The Microphones - The Moon - Song Islands

Monday, January 01, 2007

Oh and ....

HAPPY NEW YEAR!!! Go to magoo's blog and check out his phresh new design, whenever he gets round to getting it up.

Last Year's Lovelies

Since I couldn't be arsed (and also am not qualified by sufficient exposure to enough music) making a top of 2006 list, I'll just spend the next week or two lobbing up a few choice tracks from 2006, in no particular rank or order.

First up is "Wolf Like Me", a sinister fuzz punk cut from Return to Cookie Mountain by TV on the Radio.

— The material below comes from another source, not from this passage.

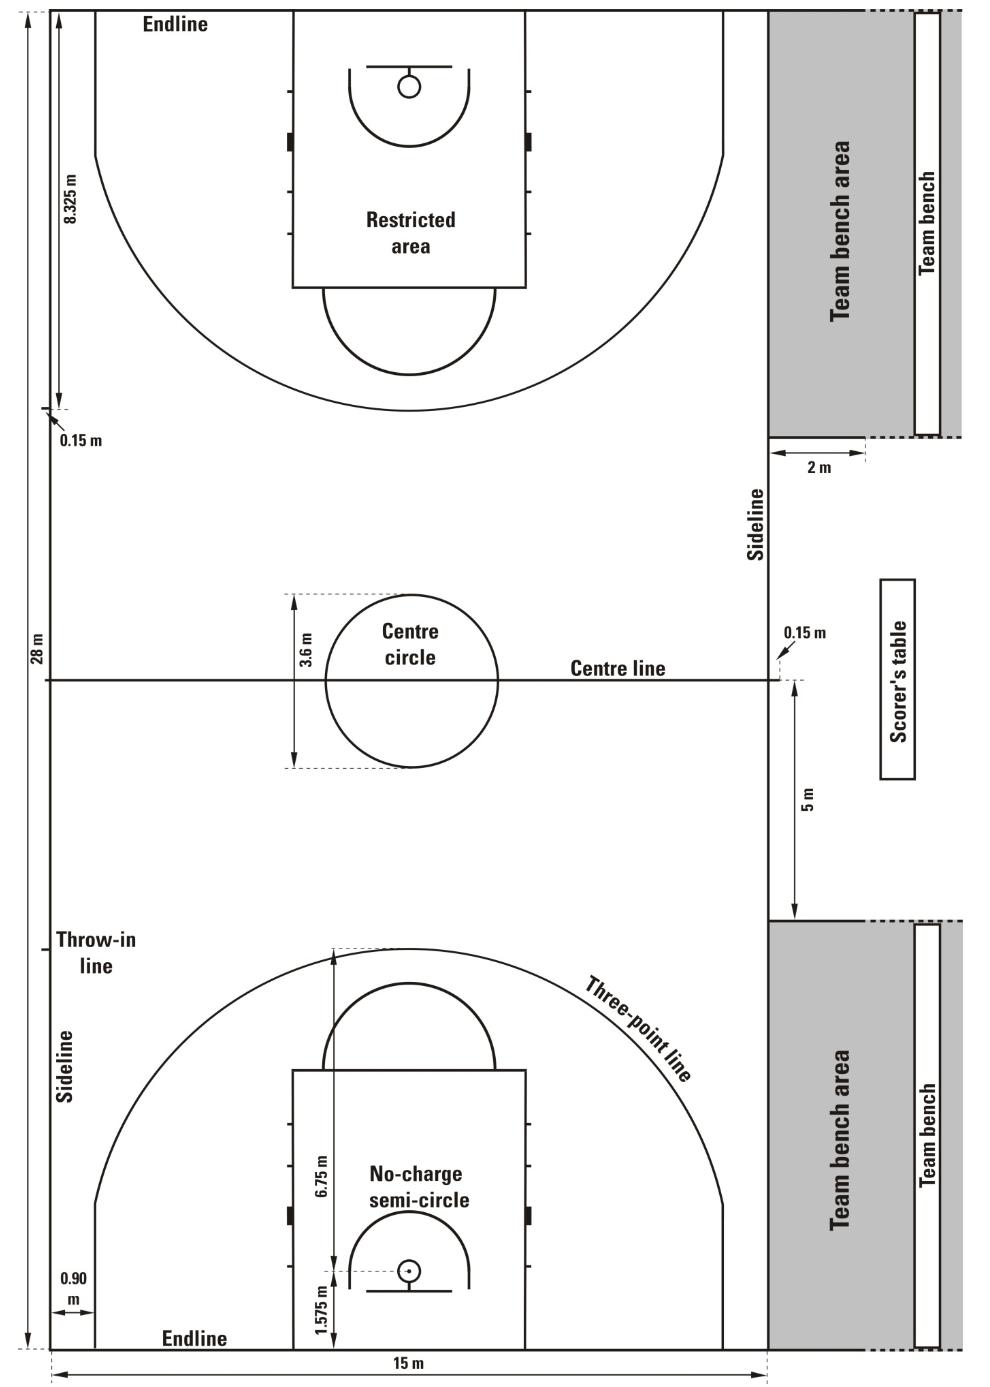 Ukuran Panjang Lapangan Bola Basket : ukuran, panjang, lapangan, basket, Ukuran, Lapangan, Basket, Tinggi, Gambar, [LENGKAP]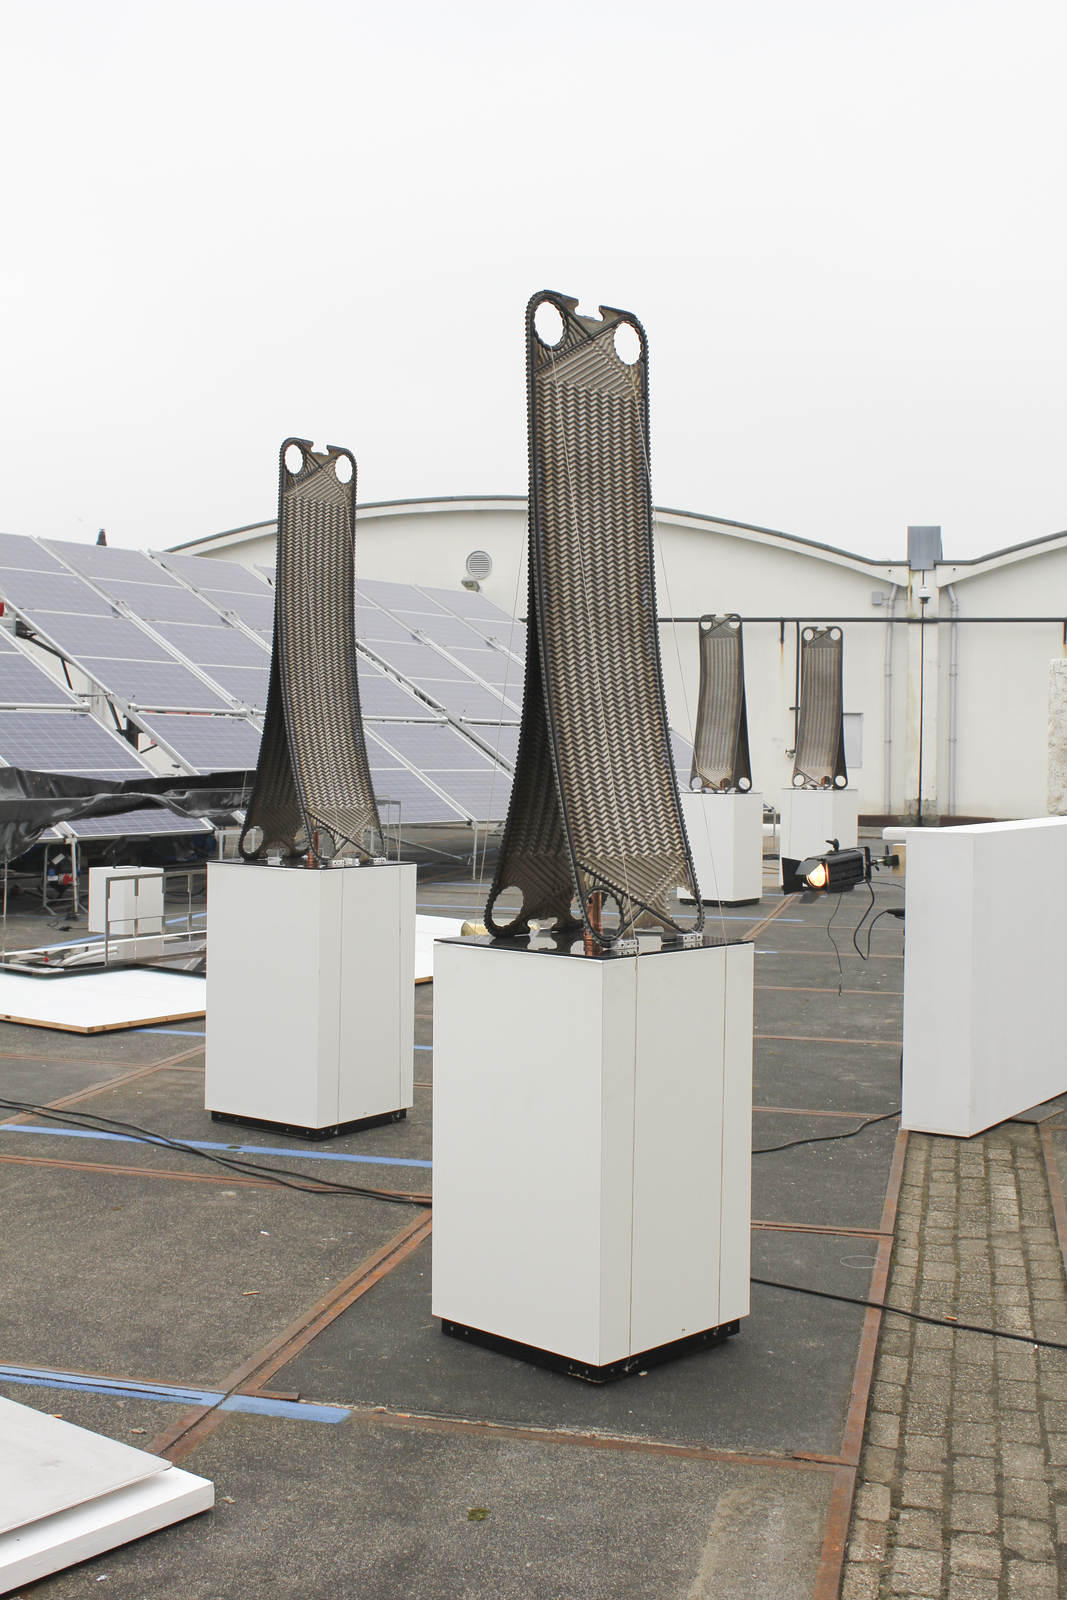 David Jablonowski at Art Rotterdam, Open Air 02

TV on the Radio made a pretty big splash with their debut, Desperate Youth, Bloodthirsty Babes, which was a minimal lo-fi affair that hinted at musical ambitions beyond the sparse guitar and sporadic drums that accompanied the layered vocals. With the follow up, TV on ... have added more textures to their sound and gained from it. The opener, I Was a Lover, is a case in point - the cut up and heavily edited guitar stabs that drive the track are more complex and intriguing than much of their previous work, and draw the listener into the song more without being too ostentatious (they can still credibly call themselves minimal artists). Anyway, for those of you who already know and love TV on the Radio, this is a welcome step forward from a quality band, for those of you who don't, why don't you already?